Back in the Saddle

  • CHRIS LARGE/BUENA VISTA

    Costner and Duvall share a watchful moment in "Open Range"

    "I don't feel like a relic," Kevin Costner says over breakfast in a Manhattan hotel room. He doesn't look like one either. Fit and genial at 48, he moves or sits with the easy poise of all those athletes he's played: the hungry golfer in Tin Cup , the cyclist in American Flyers , the baseball veterans in Bull Durham ( recently chosen by Sports Illustrated as the best-ever baseball movie ) and For Love of the Game . His talk has a coiled energy as well. Sentences, packed with imagery and analogies, accrue momentum until he's created an aria, an oration on the fly. He has the assurance of someone who is used to being listened to, who's had more than a cup of coffee in the big leagues. For maybe a decade, Costner was the Greg Maddux of Hollywood stars, quietly outpitching the competition.
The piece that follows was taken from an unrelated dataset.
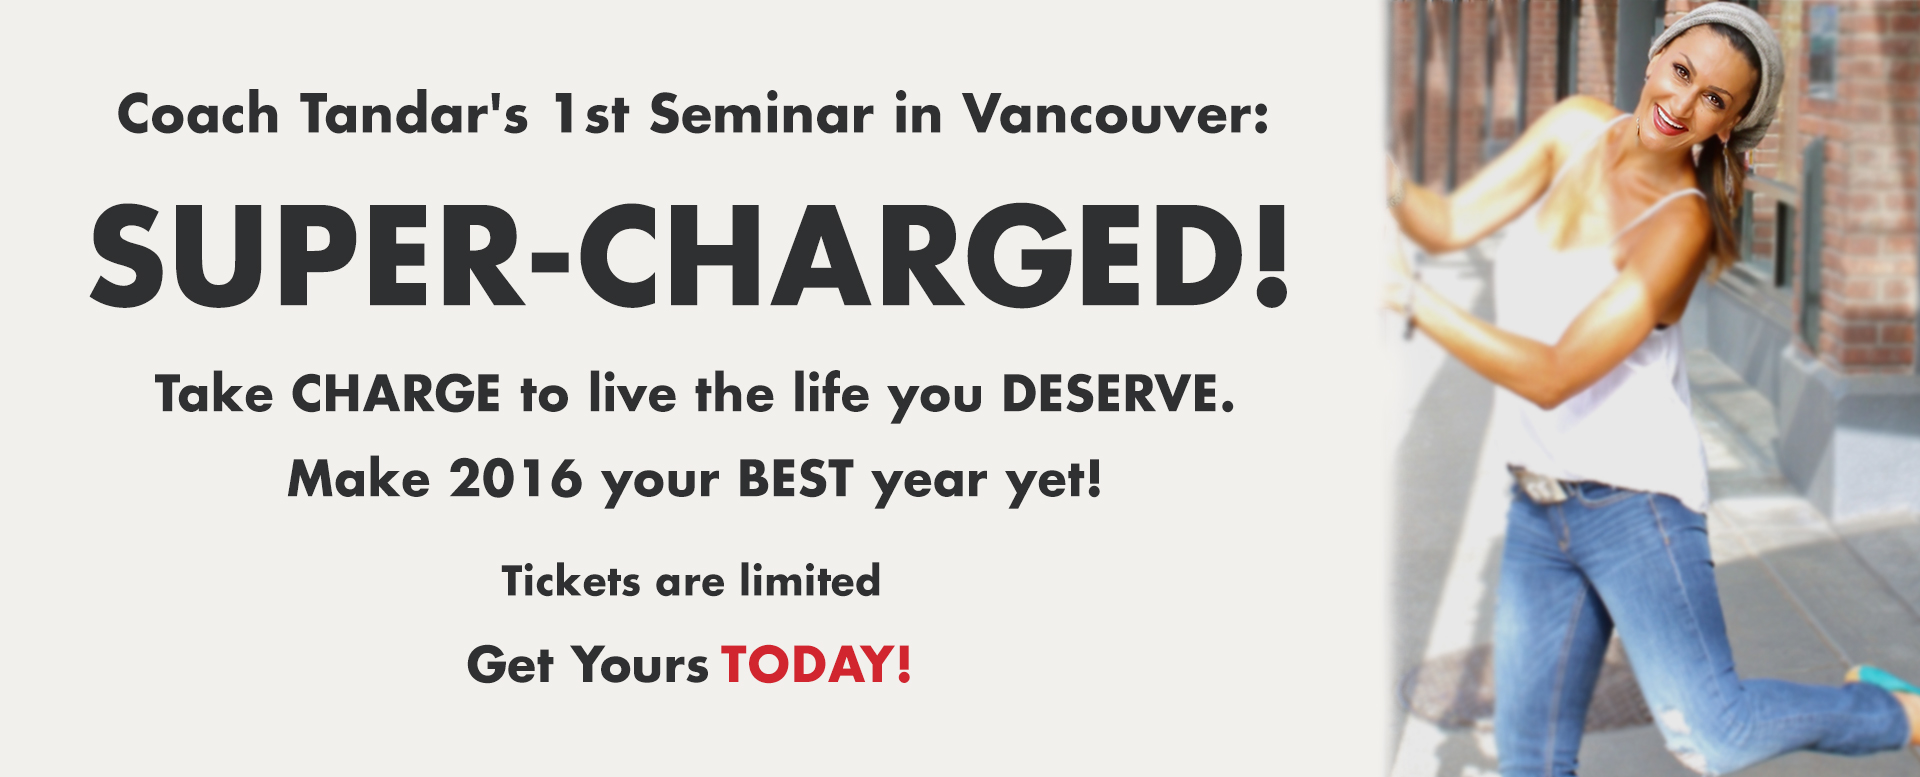 Vancouver Seminar - Super Charged
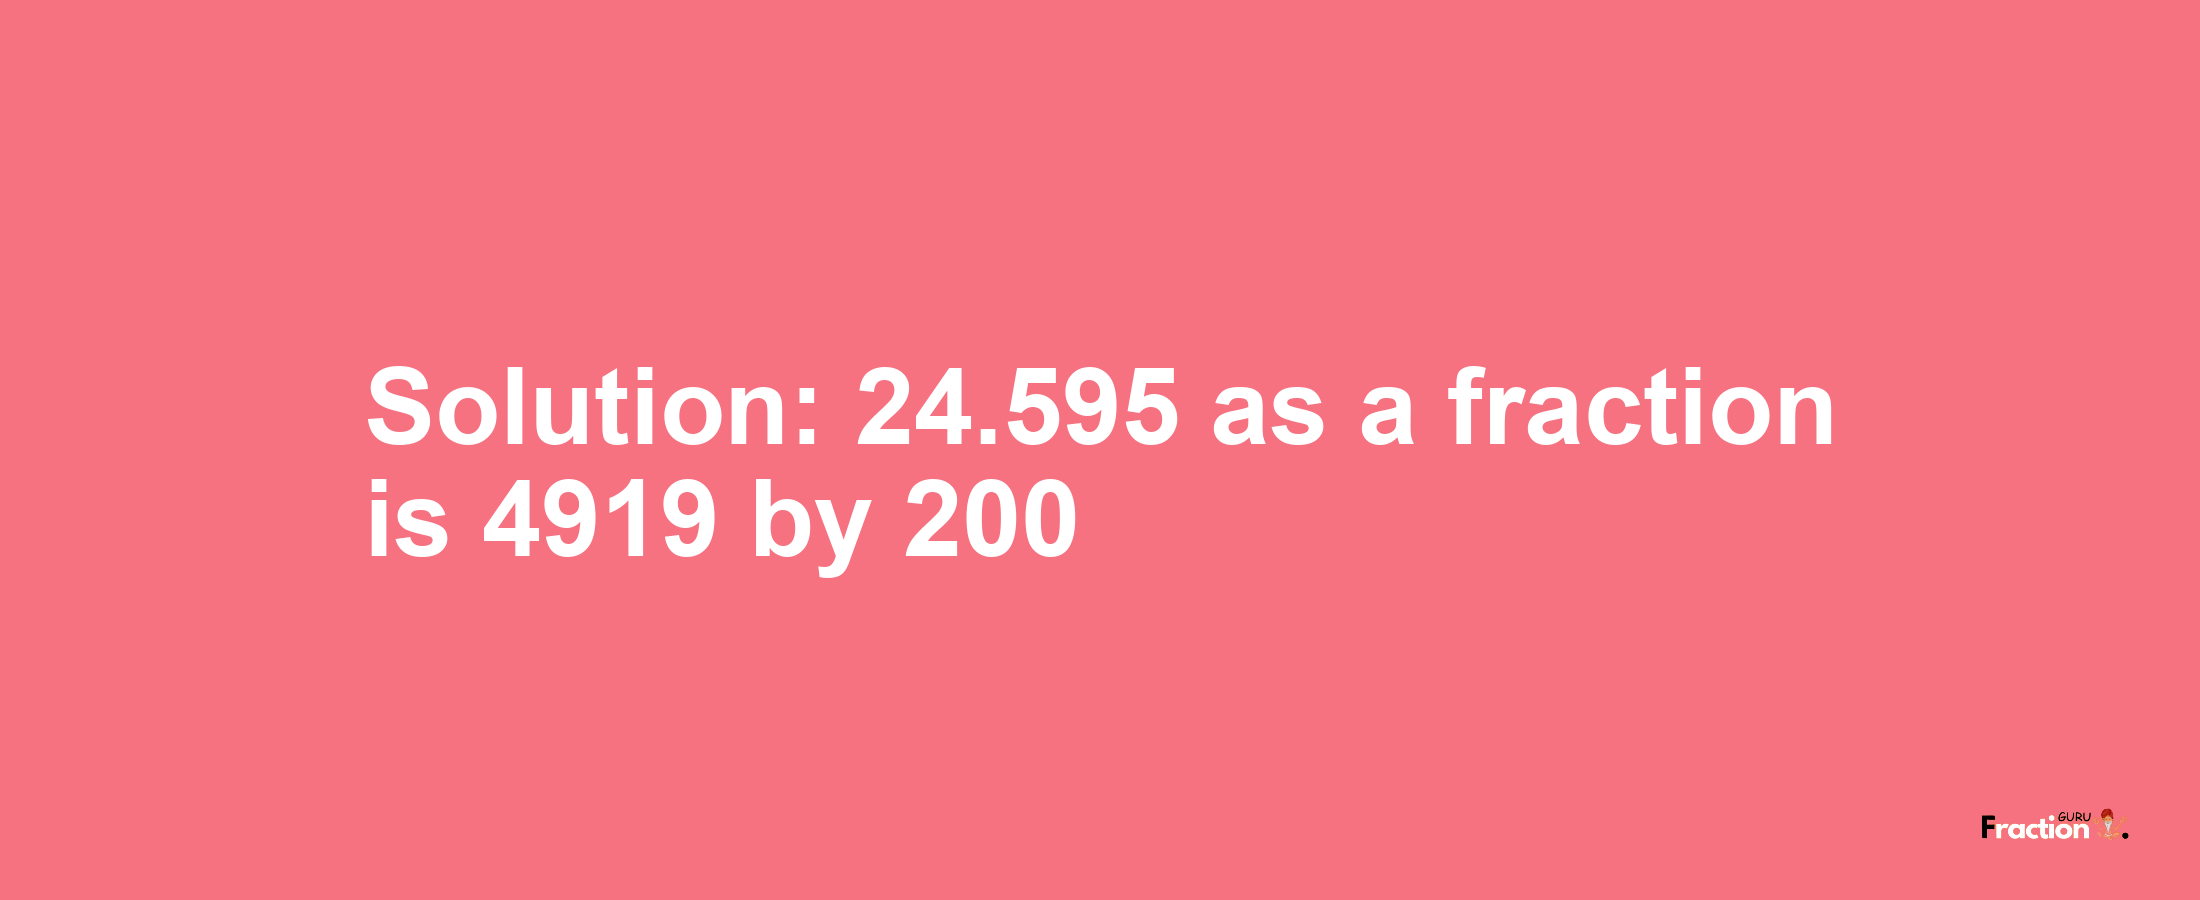 Solution:24.595 as a fraction is 4919/200

    These days, though, it's almost as if the star is back in the minors. Costner's last film with robust earnings, 1995's Waterworld , was a chaotic venture ("Kevin's Gate," critics called it) and the most expensive movie ever made at the time. His last big western, The Postman , in 1997, was seen as a risible catastrophe by most critics (and by a few, like this one, as an ornery and stirring achievement). His last six films together earned less at the domestic box office than the Oscar-winning 1990 Dances With Wolves did on its own. He can't fall back on a franchise series (no sequels on his resume), and he isn't the type for a big knockabout comedy. Costner is at that poignant crux in a star's career when it's time to think about taking supporting roles, doing a TV cop show, trying Broadway, running for Governor.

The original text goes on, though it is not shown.